Vice versa, if the user lacks an understanding of prompt engineering or opts not to employ it, a mountain stands between them and their goal, making it a challenging climb to achieve the desired outputs. It could still be possible: we must remember that LLM and text2image models are probabilistic ones. In theory, we can achieve nice results even without prompt engineering, but it is harder and more unlikely. According to the domain, it could be even impossible.
Prompt Engineering: aspects to consider
It is important to stress that there are different ways to do prompt engineering.
To generate the redhead girl image above, the prompt contains a significant amount of information regarding the girl’s appearance, including her style, and numerous relevant keywords were added. In prompt engineering, keywords are particular words that can trigger a certain type of result due to the training.
For instance, Stable Diffusion was trained on many beautiful Artstation images with this tag, so “artstation” is a keyword that triggers that kind of image. However, this is not the only way to communicate with an LLM. For correct prompt engineering, we must consider many aspects.
- Model type
The first and more immediate aspect is the type of model. For instance, DALLE2 generates an image starting only from a single user prompt, while ChatGPT has a conversational nature and each chat is associated with the context. The latter allows LLM to “remember” within some limit the user question and the LLM answers in that conversation.
- Model’s training data
The second aspect is the data on which that particular model was trained.
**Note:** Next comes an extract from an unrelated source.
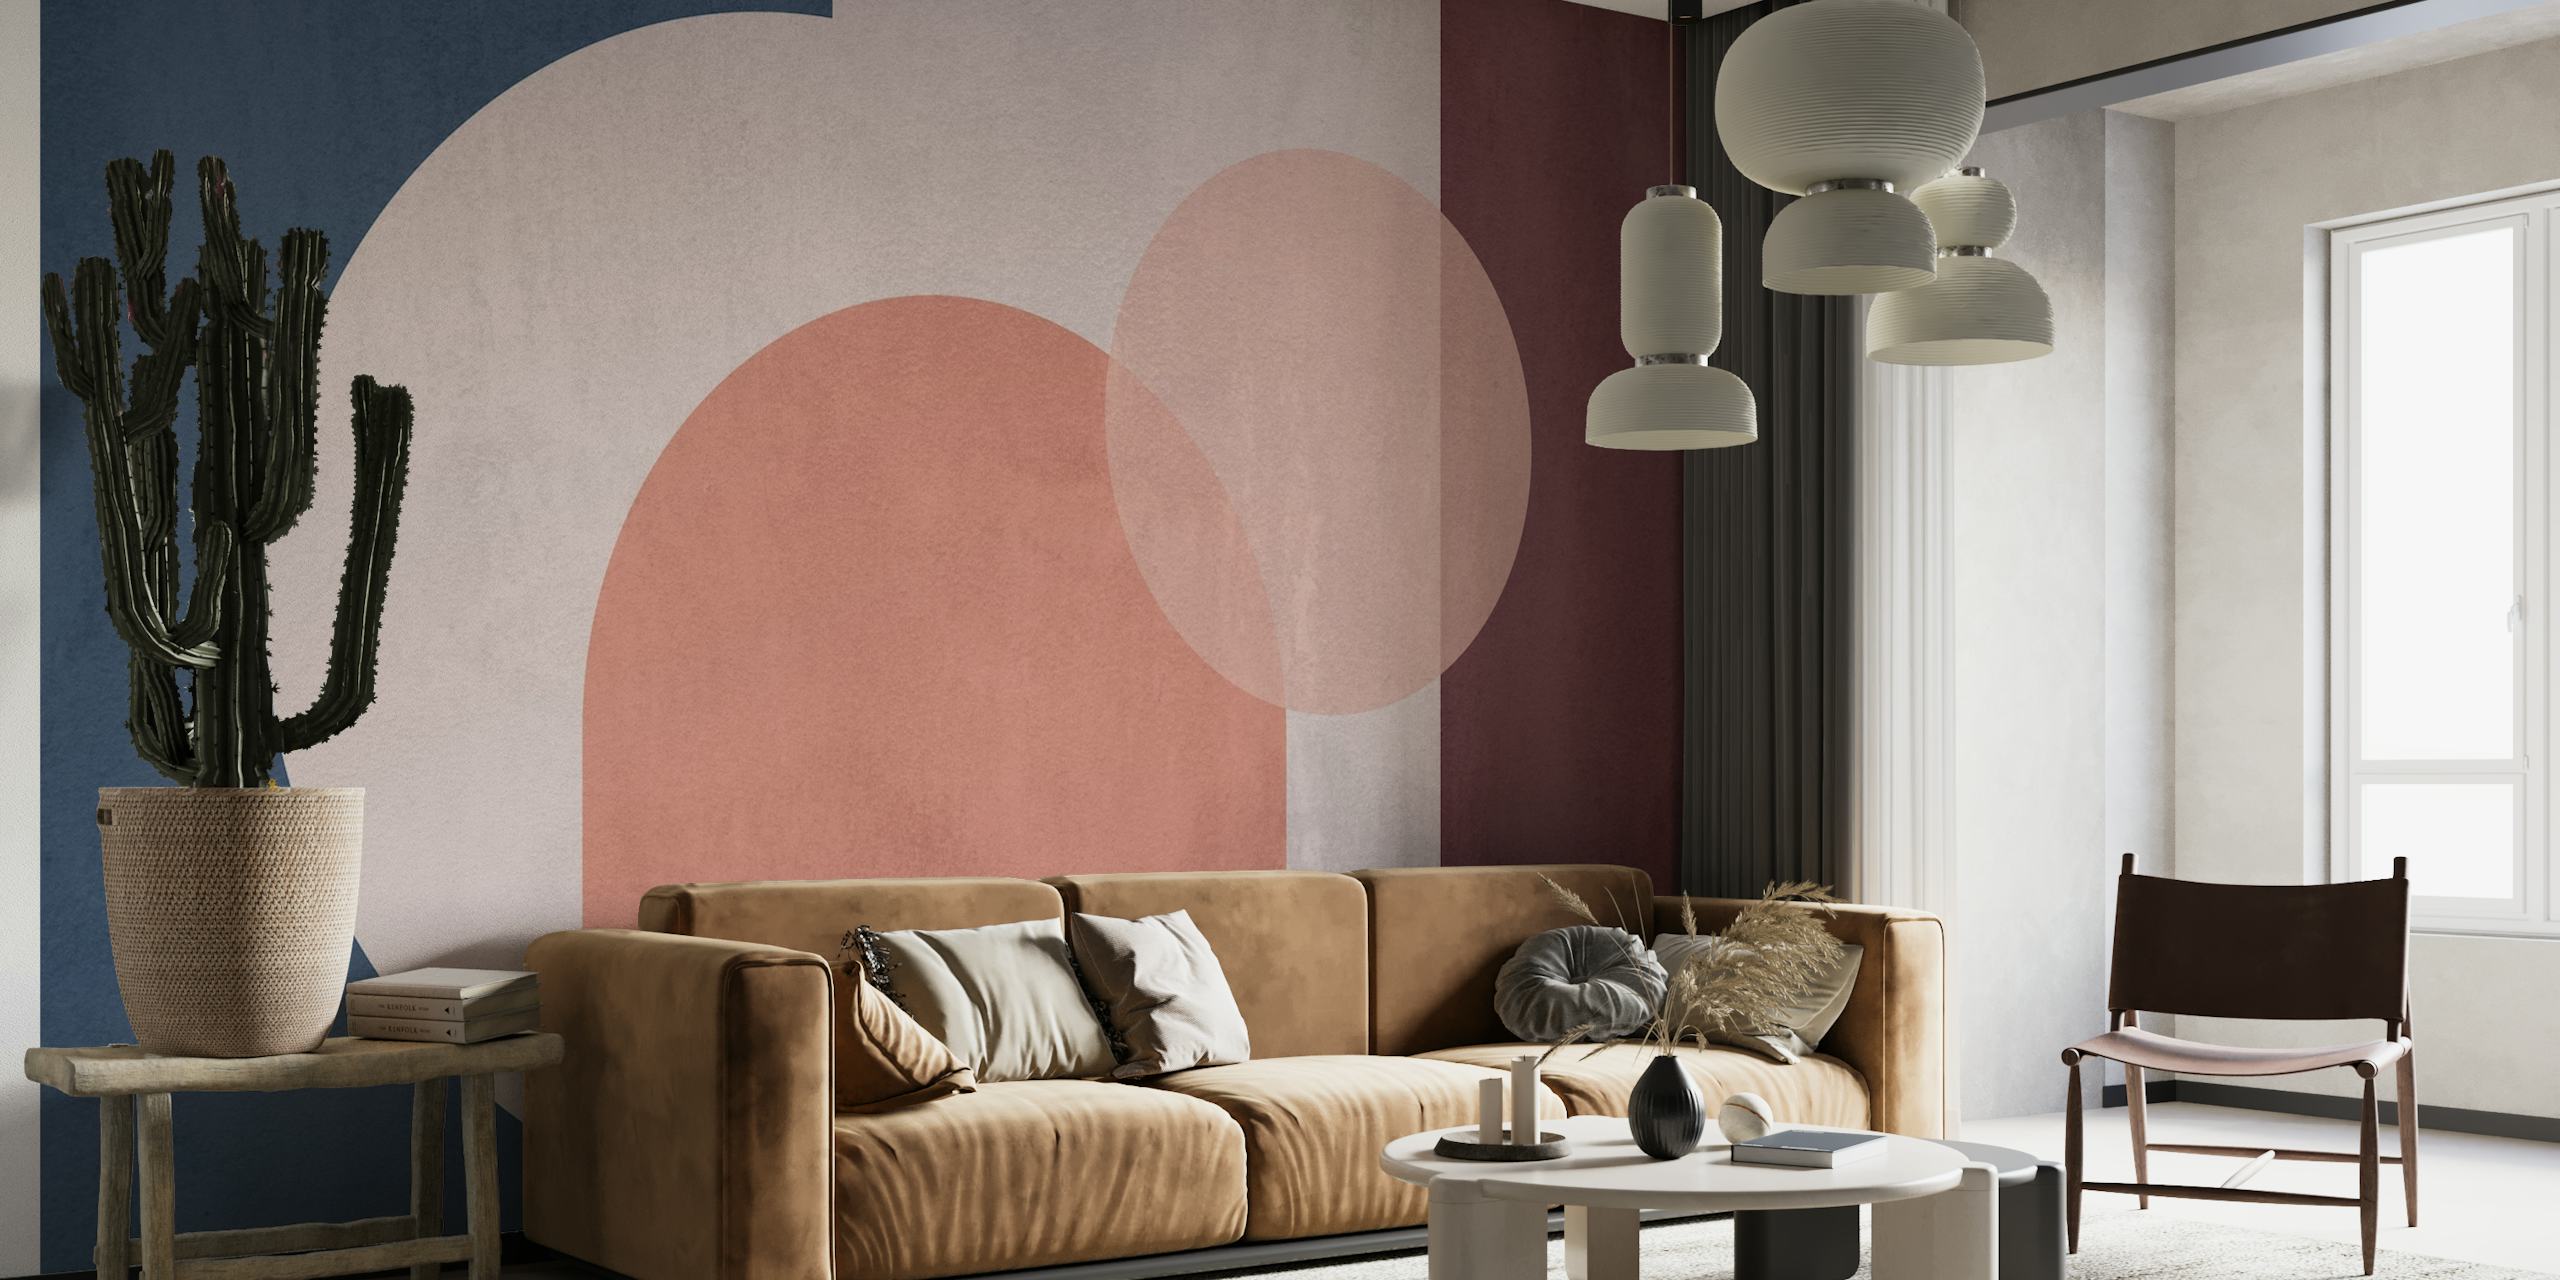 Abstracte geometrische muurschildering van zacht cement in de kleuren blauw, roze en bordeaux

Typically big corporations don’t disclose this kind of information and it is possible to know only partially the kind of data they used. For instance, ChatGPT used data from the internet that included a massive 570 GB of data sourced from books, Wikipedia, research articles, webtexts, websites and other forms of content and writing on the net. Approximately 300 billion words were fed into the system.
The third aspect is our goal. Beyond the specific domain, the type of goal we want to achieve determines the format of the prompt. Classic examples of goal types are:
– Output Customization: to create snippet code in a specific programming language and/or paradigm; mail template generation with a certain tone and/or receiver
– Information retrieval: ask for information about some concept
– Refinement: get from the LLM an improved version of the user question
Thus, it becomes evident that prompt engineering rules, both existing and emerging, must be tailored to the elements described earlier. Depending on the specific combination of these elements, it’s necessary to determine the appropriate “dialect” and prompt format that best interfaces with the model.
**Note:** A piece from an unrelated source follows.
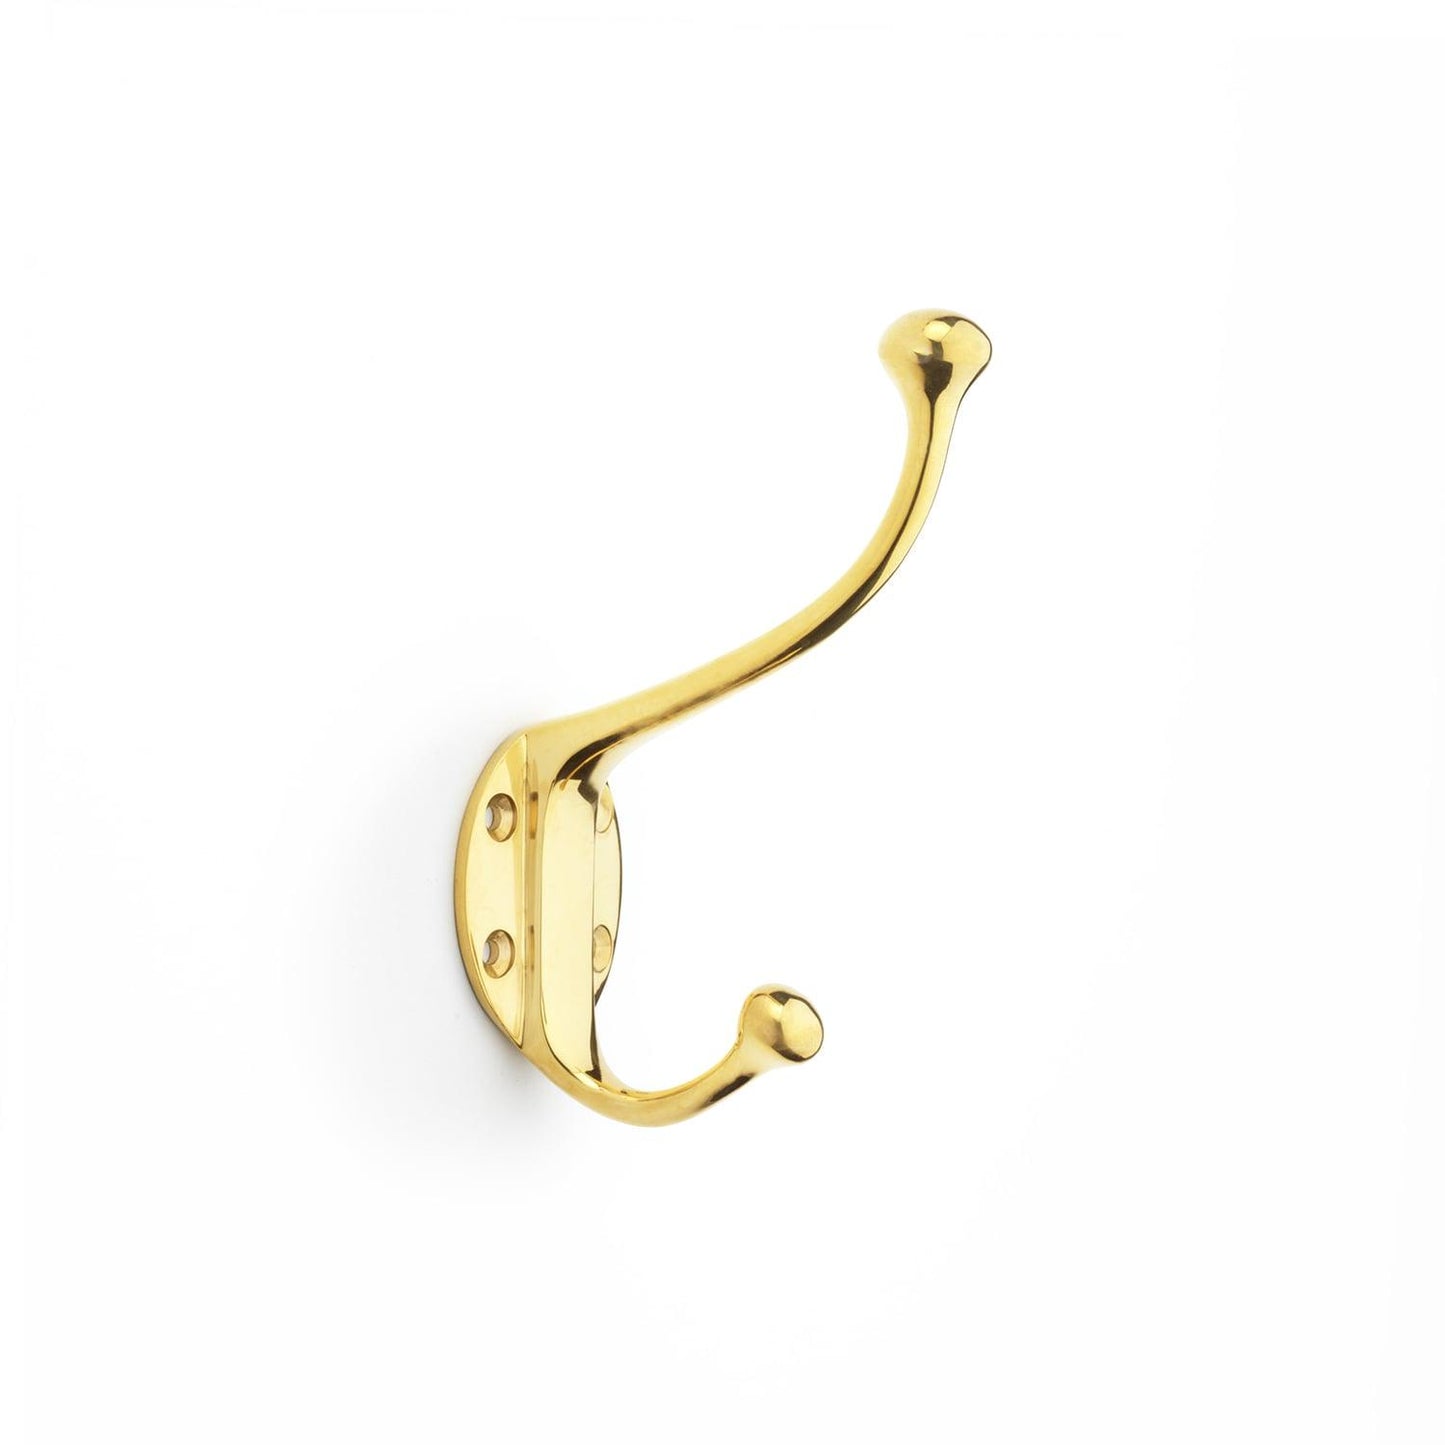 Brass Double Hat & Coat Hook - Bilden Home & Hardware Market

How can we do Prompt Engineering, a ChatGPT example
A classical approach is to study prompt engineering and then use within the target LLM various reformulations of the same prompt. In this way, with a few aimed shots, all different from each other but at the same time similar, it is possible to obtain the desired results more easily.
To understand the difference between using or not Prompt Engineering it is possible to spot the differences in results between the following ChatGPT conversations:
In the first case, I used a generic prompt and indeed I got a generic answer. In the second picture, we can notice the use of some basic Prompt Engineering notions:
– Explain the problem we want LLM solves (e.g. explain Computer Vision focusing on business effects)
– Indicate format (e.g. length) and style
– Give information and knowledge (e.g. a correct context) if needed
In conclusion, to fully leverage the potential of an LLM, one must engage in prompt engineering and adopt the appropriate mindset when interfacing with the model. Therefore, just as we pay attention to our words when talking to someone, we should also pay attention to the words we use in prompts, remembering the “genius in a room” approach.
Otherwise, even in the most revolutionary tools, the basic lesson is always the same: garbage in, garbage out.